-- Extracted information --

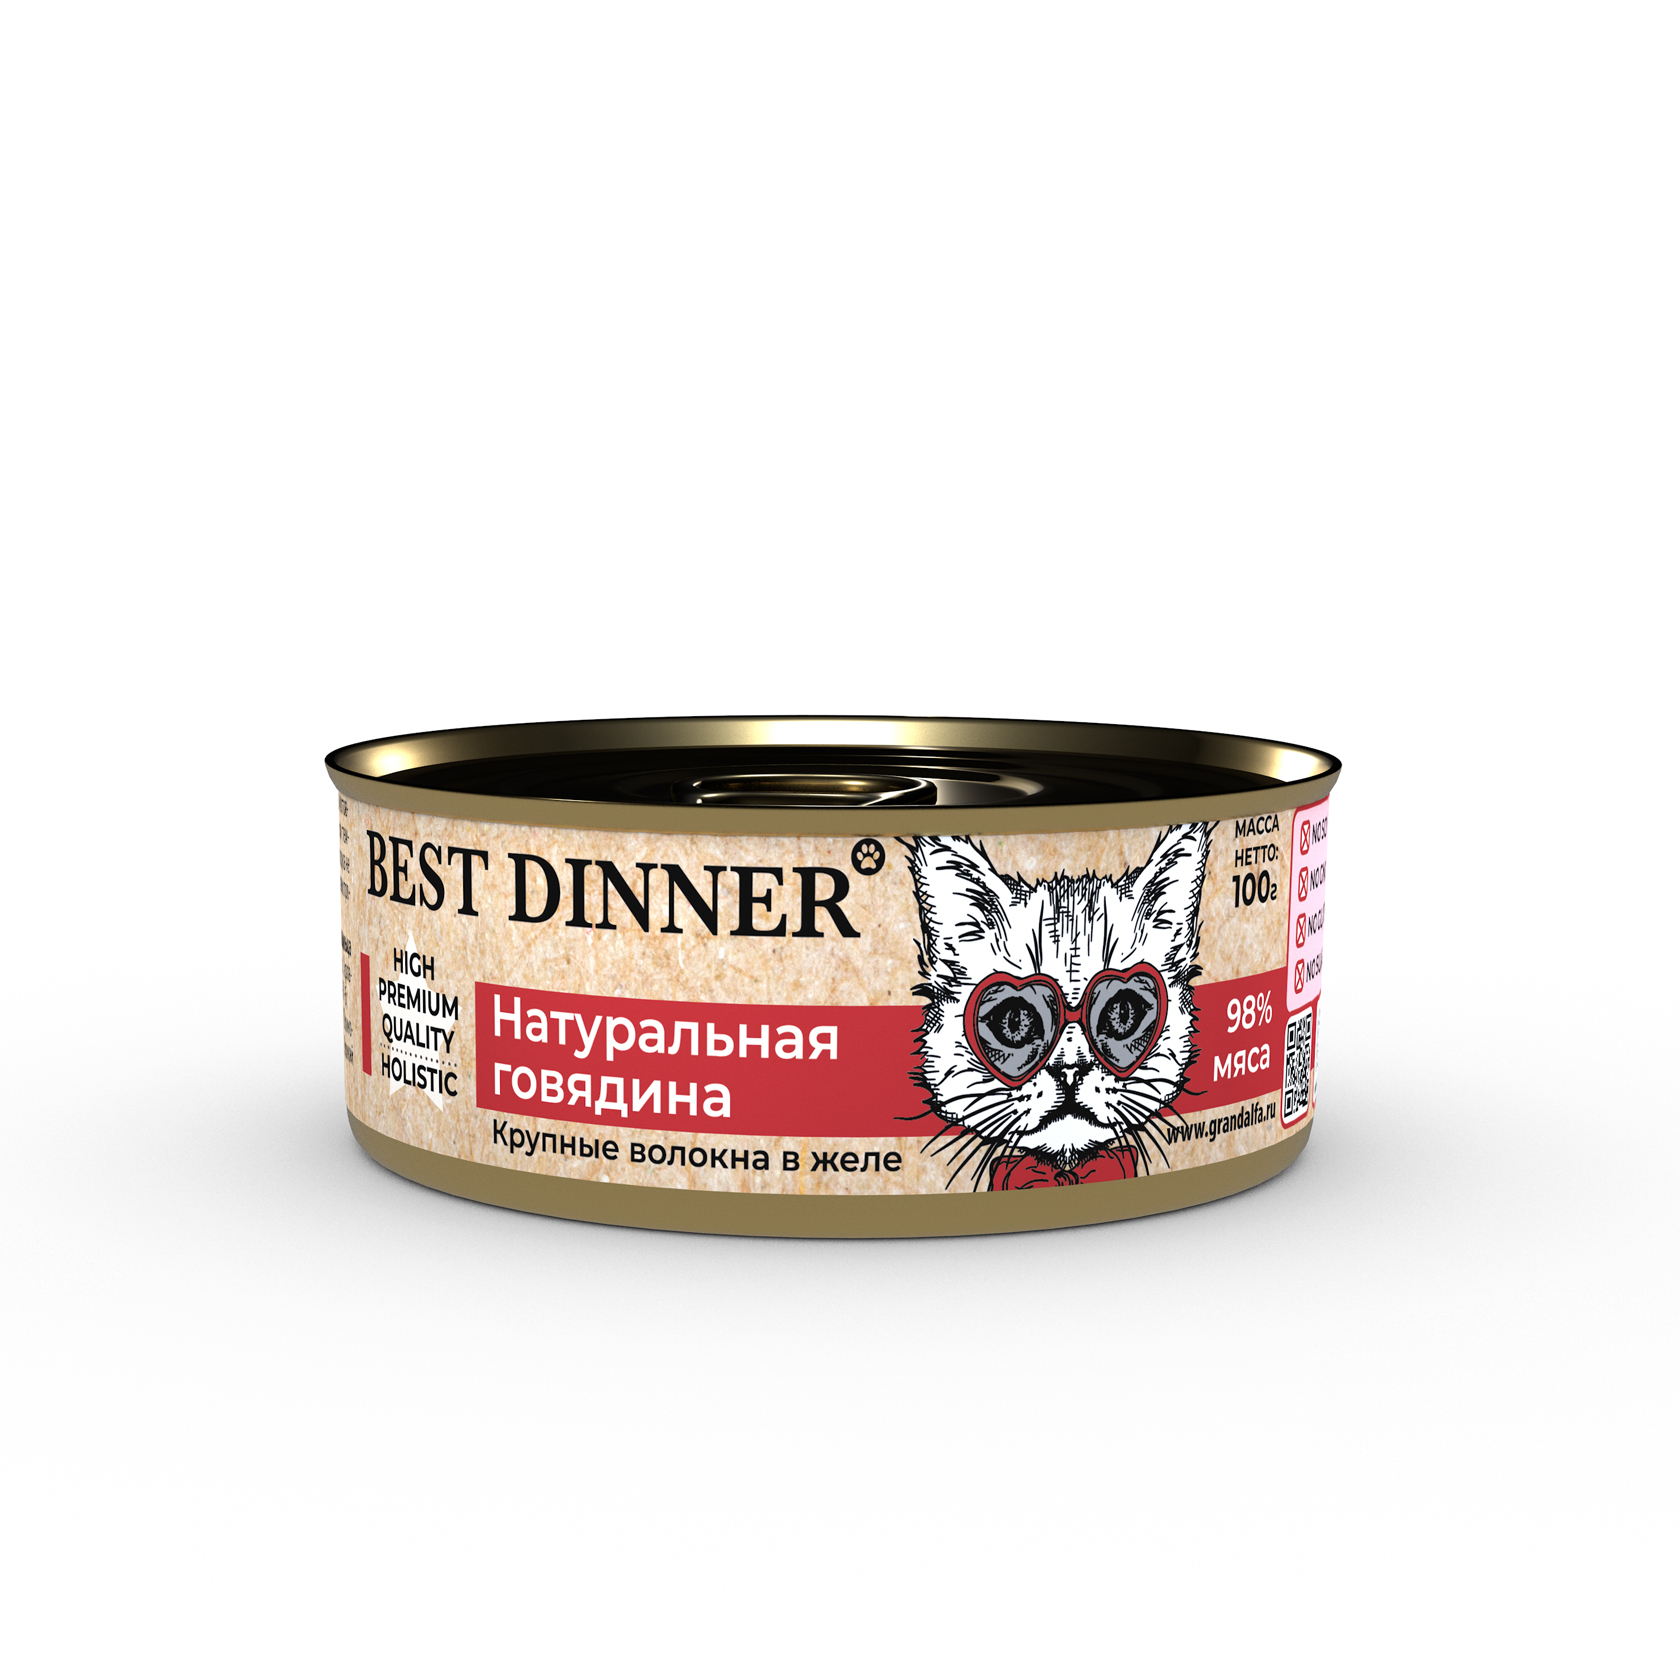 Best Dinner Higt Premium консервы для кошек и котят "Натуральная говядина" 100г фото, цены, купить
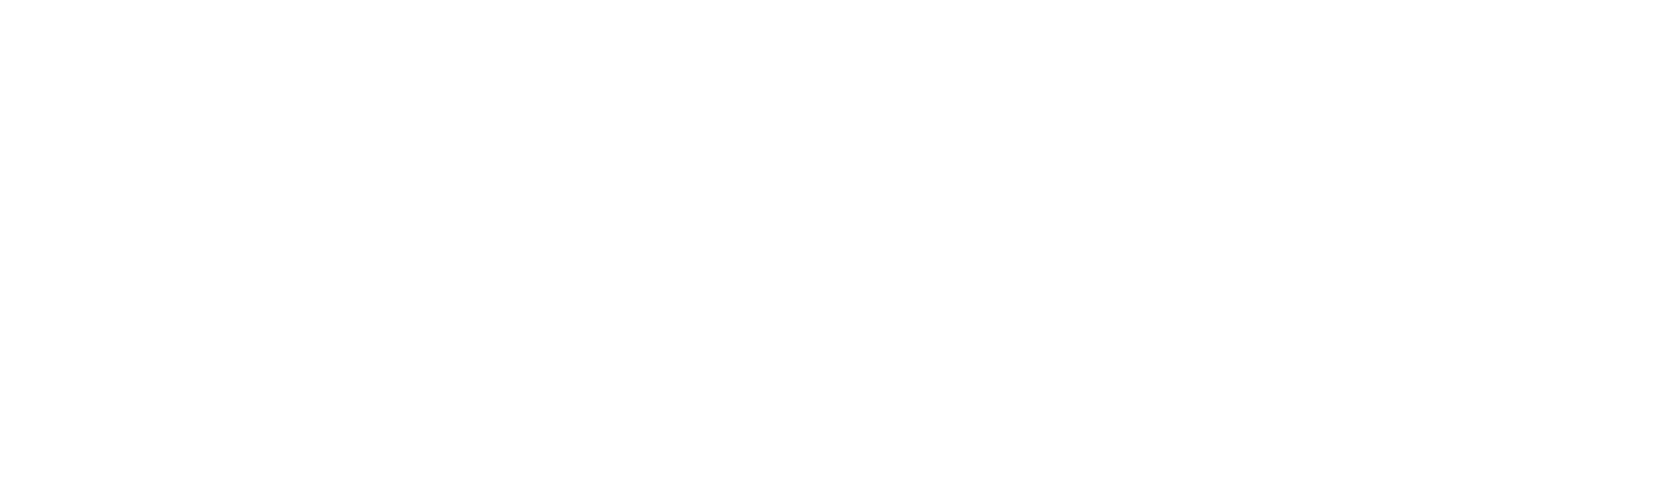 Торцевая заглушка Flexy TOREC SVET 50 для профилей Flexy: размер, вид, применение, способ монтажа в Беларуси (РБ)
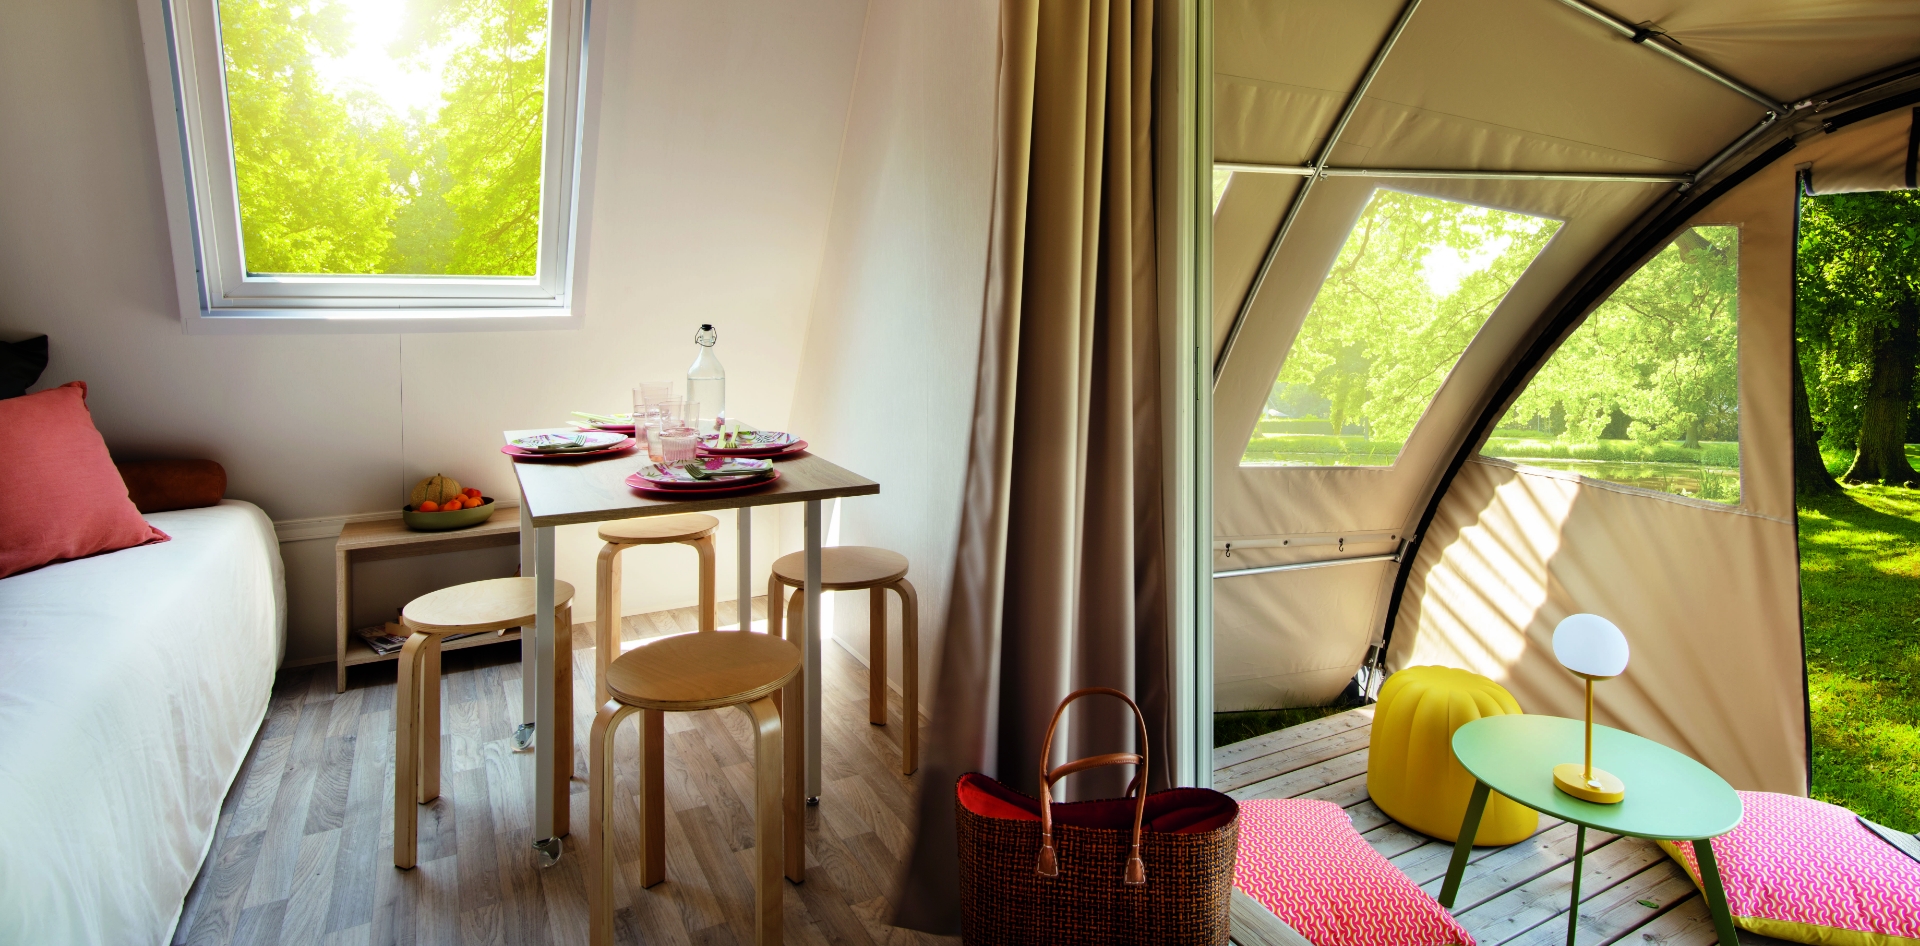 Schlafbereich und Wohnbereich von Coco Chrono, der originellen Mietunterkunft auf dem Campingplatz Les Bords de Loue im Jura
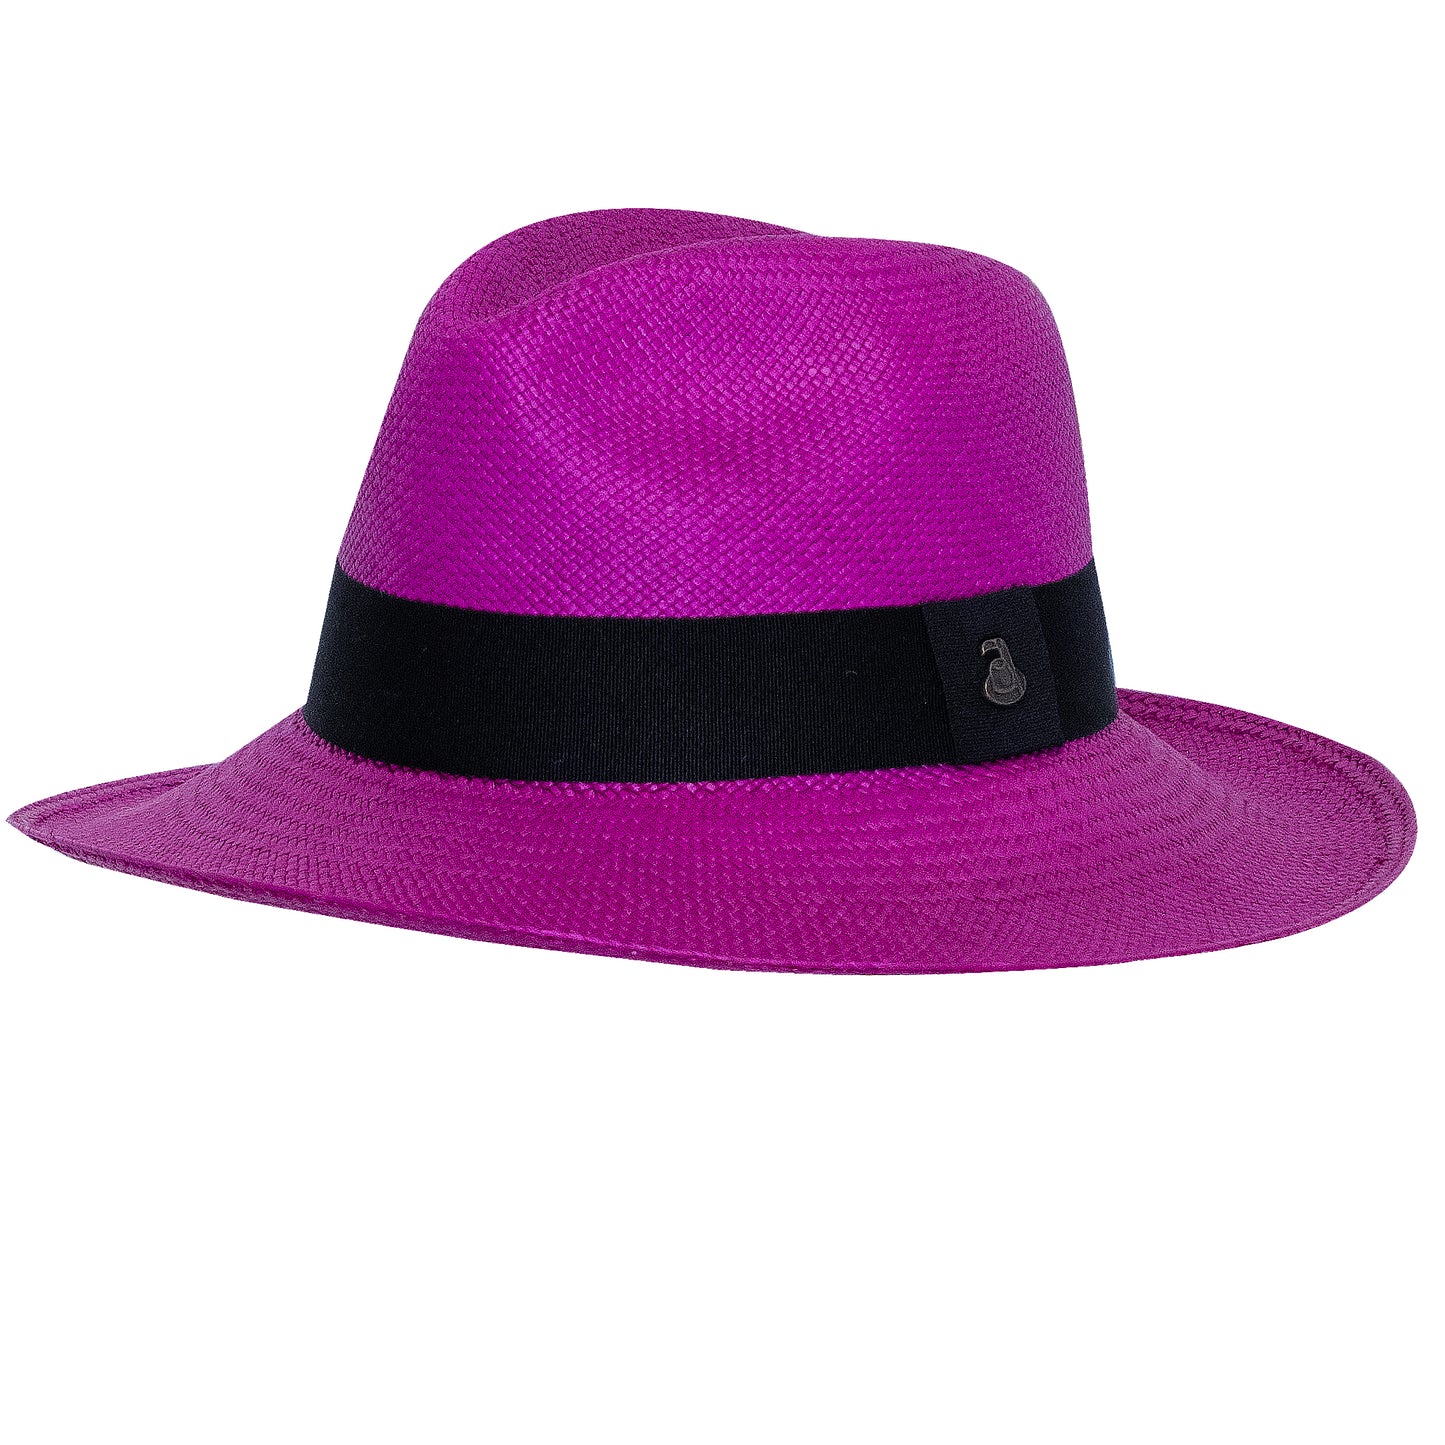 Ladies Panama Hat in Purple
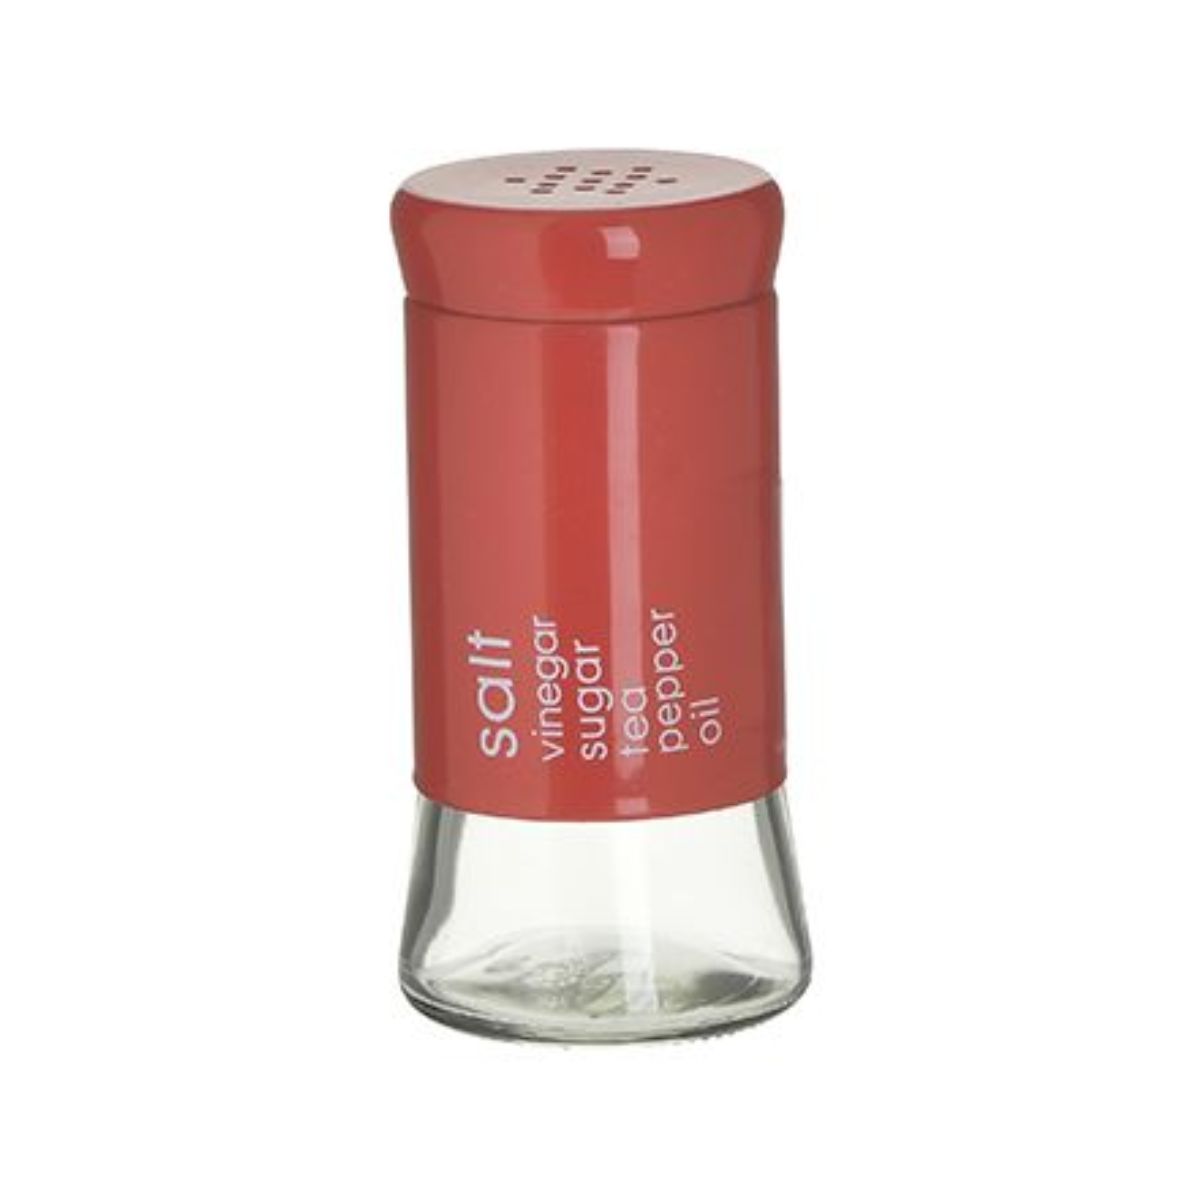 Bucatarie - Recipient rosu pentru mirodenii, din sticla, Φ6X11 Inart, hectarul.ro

-- What the task asks --
Transcribe each line above verbatim, with the pictures left out.

-- Exercise result --
 Best Dinner Higt Premium консервы для кошек и котят "Натуральная говядина" 100г фото, цены, купить
 Торцевая заглушка Flexy TOREC SVET 50 для профилей Flexy: размер, вид, применение, способ монтажа в Беларуси (РБ)
 Schlafbereich und Wohnbereich von Coco Chrono, der originellen Mietunterkunft auf dem Campingplatz Les Bords de Loue im Jura
 Ladies Panama Hat in Purple
 Bucatarie - Recipient rosu pentru mirodenii, din sticla, Φ6X11 Inart, hectarul.ro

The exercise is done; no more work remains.